Let turnovers cool, wrap in aluminum foil or freezer-safe plastic wrap and freeze for 1 to 2 months. To enjoy, defrost overnight in refrigerator. Reheat in microwave on high for 1 to 2 minutes or in oven at 375°F for 15 to 20 minutes.
- Cook Time
- Prep Time
- 1/2 cup scallions, diced
- 1 clove garlic, diced
- 1/2 cup red bell pepper, diced
- 1/2 cup white mushrooms, sliced
- 1 tbsp extra-virgin olive oil, divided
- 2 eggs
- 6 egg whites
- 1/2 tsp ground black pepper
- 1/8 tsp dried thyme
- 1/4 tsp dried parsley
- 1/4 cup whole-wheat flour
- 1 16-oz pkg premade whole-wheat pizza dough
- 6 1-oz slices Jarlsberg Light or reduced-fat Swiss cheese
- 6 oz low-sodium uncured lean ham, torn into small pieces, divided
- Preheat oven to 400°F. In a medium nonstick skillet, sauté scallions, garlic, red pepper and mushrooms in 1 tsp oil for 5 minutes over medium-high heat. While sautéing, whisk together eggs, egg whites, black pepper, thyme and parsley in a bowl. Pour egg mixture into skillet. Scramble with vegetables for about 3 to 5 minutes or until eggs are set and fluffy. Transfer to medium bowl. Let cool.
- Dust a work surface and rolling pin with flour. Knead dough until it is in a tube-like shape, about 6 inches long. Divide dough into 6 sections by cutting with a knife. Roll out each section into a circle and place circles onto a foil-lined baking sheet.

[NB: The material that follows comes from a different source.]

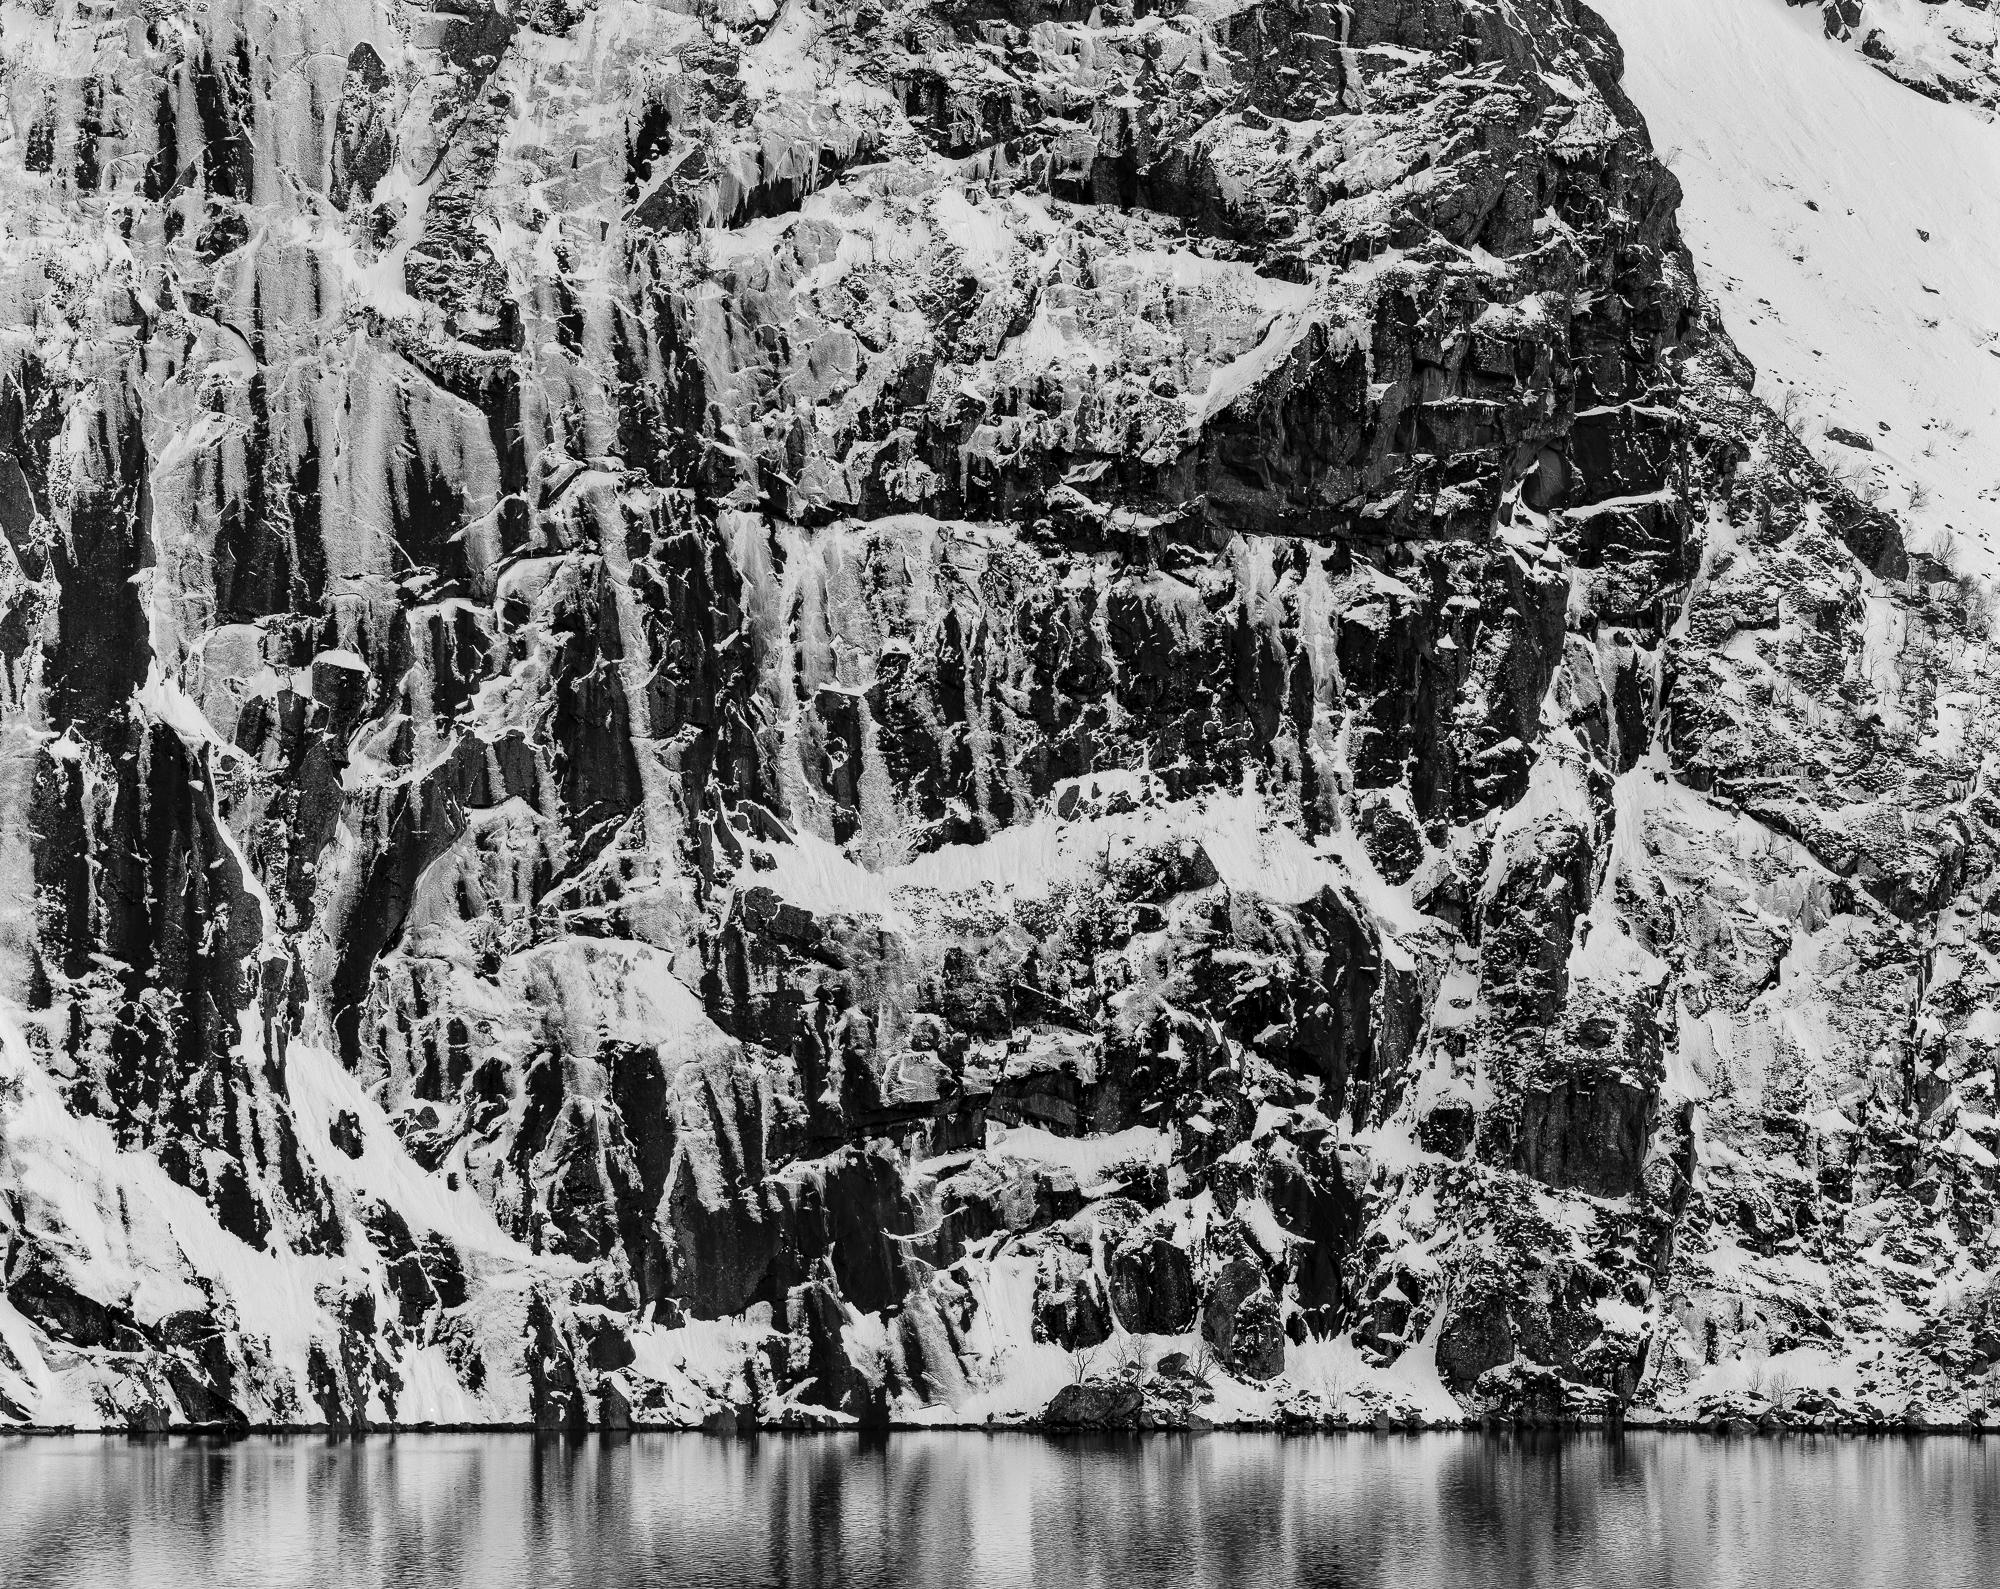 Higraffsfjorden. ©Bjørn Joachimsen

- To assemble, layer the following ingredients: On each circle of dough, place half-slice cheese, 1/3 cup egg-veggie mixture, 1 oz ham and top with other half-slice cheese. Fold dough over to make a half-moon shape, pinch sides together with water to stick. Brush outer dough with remaining oil. Bake for 20 to 25 minutes, until dough is golden and feels crusty to the touch. Let cool for 5 minutes for dough and contents to set.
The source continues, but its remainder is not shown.